▶ _Task item_: Starting at the top of the entries below, print each line exactly until the line with "Vista de las" has been printed too.

▶ _Records to process_:
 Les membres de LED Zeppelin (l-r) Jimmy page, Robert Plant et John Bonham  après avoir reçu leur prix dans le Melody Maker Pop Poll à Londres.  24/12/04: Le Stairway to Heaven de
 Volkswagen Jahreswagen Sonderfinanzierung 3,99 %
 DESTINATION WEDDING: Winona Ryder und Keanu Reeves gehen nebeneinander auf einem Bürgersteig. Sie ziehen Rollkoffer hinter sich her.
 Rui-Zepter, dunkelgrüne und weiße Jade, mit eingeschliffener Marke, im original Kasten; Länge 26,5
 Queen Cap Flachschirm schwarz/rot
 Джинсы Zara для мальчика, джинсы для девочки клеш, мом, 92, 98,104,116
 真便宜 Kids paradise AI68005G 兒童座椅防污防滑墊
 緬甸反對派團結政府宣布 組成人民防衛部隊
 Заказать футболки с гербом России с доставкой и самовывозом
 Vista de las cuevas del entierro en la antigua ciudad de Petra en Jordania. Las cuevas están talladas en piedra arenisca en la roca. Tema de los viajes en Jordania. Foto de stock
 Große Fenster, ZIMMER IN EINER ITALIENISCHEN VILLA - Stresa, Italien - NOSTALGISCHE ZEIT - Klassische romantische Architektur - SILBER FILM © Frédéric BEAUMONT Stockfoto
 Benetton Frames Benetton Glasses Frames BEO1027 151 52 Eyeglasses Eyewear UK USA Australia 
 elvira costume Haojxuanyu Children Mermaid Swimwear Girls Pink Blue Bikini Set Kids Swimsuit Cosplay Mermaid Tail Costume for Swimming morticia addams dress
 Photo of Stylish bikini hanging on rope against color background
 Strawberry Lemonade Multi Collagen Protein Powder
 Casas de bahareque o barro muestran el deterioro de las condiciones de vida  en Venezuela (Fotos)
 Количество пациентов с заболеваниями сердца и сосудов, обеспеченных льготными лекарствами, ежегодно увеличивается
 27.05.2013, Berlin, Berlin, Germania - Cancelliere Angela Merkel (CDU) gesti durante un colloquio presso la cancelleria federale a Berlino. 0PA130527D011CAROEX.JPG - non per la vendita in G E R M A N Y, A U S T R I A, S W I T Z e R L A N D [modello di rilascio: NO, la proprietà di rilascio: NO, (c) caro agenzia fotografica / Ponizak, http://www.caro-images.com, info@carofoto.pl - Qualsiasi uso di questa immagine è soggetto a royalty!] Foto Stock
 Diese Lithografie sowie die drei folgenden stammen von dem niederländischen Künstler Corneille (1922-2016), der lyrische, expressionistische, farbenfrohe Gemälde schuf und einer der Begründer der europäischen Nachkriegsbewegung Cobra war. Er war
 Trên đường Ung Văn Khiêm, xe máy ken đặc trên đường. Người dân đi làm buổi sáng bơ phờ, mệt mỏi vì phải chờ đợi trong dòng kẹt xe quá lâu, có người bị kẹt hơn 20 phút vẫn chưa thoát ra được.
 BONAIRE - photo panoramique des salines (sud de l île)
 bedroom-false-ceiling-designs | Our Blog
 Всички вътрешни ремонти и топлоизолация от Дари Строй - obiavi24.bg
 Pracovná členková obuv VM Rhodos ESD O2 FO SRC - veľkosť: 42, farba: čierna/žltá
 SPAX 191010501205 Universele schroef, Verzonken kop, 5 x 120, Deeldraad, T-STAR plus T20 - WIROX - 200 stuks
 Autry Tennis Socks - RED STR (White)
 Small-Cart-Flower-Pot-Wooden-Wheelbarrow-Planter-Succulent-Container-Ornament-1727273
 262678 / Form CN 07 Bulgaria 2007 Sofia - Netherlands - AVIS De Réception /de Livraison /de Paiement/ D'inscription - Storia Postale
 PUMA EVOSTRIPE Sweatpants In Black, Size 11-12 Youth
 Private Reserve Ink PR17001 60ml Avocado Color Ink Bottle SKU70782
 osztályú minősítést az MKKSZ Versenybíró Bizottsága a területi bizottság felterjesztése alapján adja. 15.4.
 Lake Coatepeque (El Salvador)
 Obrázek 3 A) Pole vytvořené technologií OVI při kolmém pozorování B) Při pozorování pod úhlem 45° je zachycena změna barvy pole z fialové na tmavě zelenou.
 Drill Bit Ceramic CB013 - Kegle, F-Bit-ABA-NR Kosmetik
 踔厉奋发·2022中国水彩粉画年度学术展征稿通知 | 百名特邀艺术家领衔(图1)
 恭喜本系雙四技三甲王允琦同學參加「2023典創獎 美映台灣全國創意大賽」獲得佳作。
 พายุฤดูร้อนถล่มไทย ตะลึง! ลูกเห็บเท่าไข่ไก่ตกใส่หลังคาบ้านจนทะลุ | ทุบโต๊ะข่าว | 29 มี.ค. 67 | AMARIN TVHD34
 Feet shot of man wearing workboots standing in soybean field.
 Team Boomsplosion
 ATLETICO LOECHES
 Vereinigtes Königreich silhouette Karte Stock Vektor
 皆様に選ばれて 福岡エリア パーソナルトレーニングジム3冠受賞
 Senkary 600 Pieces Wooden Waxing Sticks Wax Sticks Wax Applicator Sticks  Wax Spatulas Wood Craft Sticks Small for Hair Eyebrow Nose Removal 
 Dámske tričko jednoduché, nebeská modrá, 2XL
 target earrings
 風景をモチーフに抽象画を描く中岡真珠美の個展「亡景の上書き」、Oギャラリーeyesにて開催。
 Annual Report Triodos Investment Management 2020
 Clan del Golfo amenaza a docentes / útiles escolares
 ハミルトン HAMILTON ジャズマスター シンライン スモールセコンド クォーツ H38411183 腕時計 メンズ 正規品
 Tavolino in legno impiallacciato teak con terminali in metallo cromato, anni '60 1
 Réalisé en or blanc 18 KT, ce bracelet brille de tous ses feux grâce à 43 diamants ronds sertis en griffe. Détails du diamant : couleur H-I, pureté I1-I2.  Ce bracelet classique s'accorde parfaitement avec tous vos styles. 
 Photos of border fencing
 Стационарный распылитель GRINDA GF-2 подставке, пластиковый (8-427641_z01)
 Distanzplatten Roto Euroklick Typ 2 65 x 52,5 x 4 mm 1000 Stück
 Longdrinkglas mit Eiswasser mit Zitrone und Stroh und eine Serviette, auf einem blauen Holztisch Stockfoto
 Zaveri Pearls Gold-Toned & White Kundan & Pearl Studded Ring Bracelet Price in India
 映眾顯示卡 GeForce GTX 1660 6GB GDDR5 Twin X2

▶ _Result for this exercise_:
 Les membres de LED Zeppelin (l-r) Jimmy page, Robert Plant et John Bonham  après avoir reçu leur prix dans le Melody Maker Pop Poll à Londres.  24/12/04: Le Stairway to Heaven de
 Volkswagen Jahreswagen Sonderfinanzierung 3,99 %
 DESTINATION WEDDING: Winona Ryder und Keanu Reeves gehen nebeneinander auf einem Bürgersteig. Sie ziehen Rollkoffer hinter sich her.
 Rui-Zepter, dunkelgrüne und weiße Jade, mit eingeschliffener Marke, im original Kasten; Länge 26,5
 Queen Cap Flachschirm schwarz/rot
 Джинсы Zara для мальчика, джинсы для девочки клеш, мом, 92, 98,104,116
 真便宜 Kids paradise AI68005G 兒童座椅防污防滑墊
 緬甸反對派團結政府宣布 組成人民防衛部隊
 Заказать футболки с гербом России с доставкой и самовывозом
 Vista de las cuevas del entierro en la antigua ciudad de Petra en Jordania. Las cuevas están talladas en piedra arenisca en la roca. Tema de los viajes en Jordania. Foto de stock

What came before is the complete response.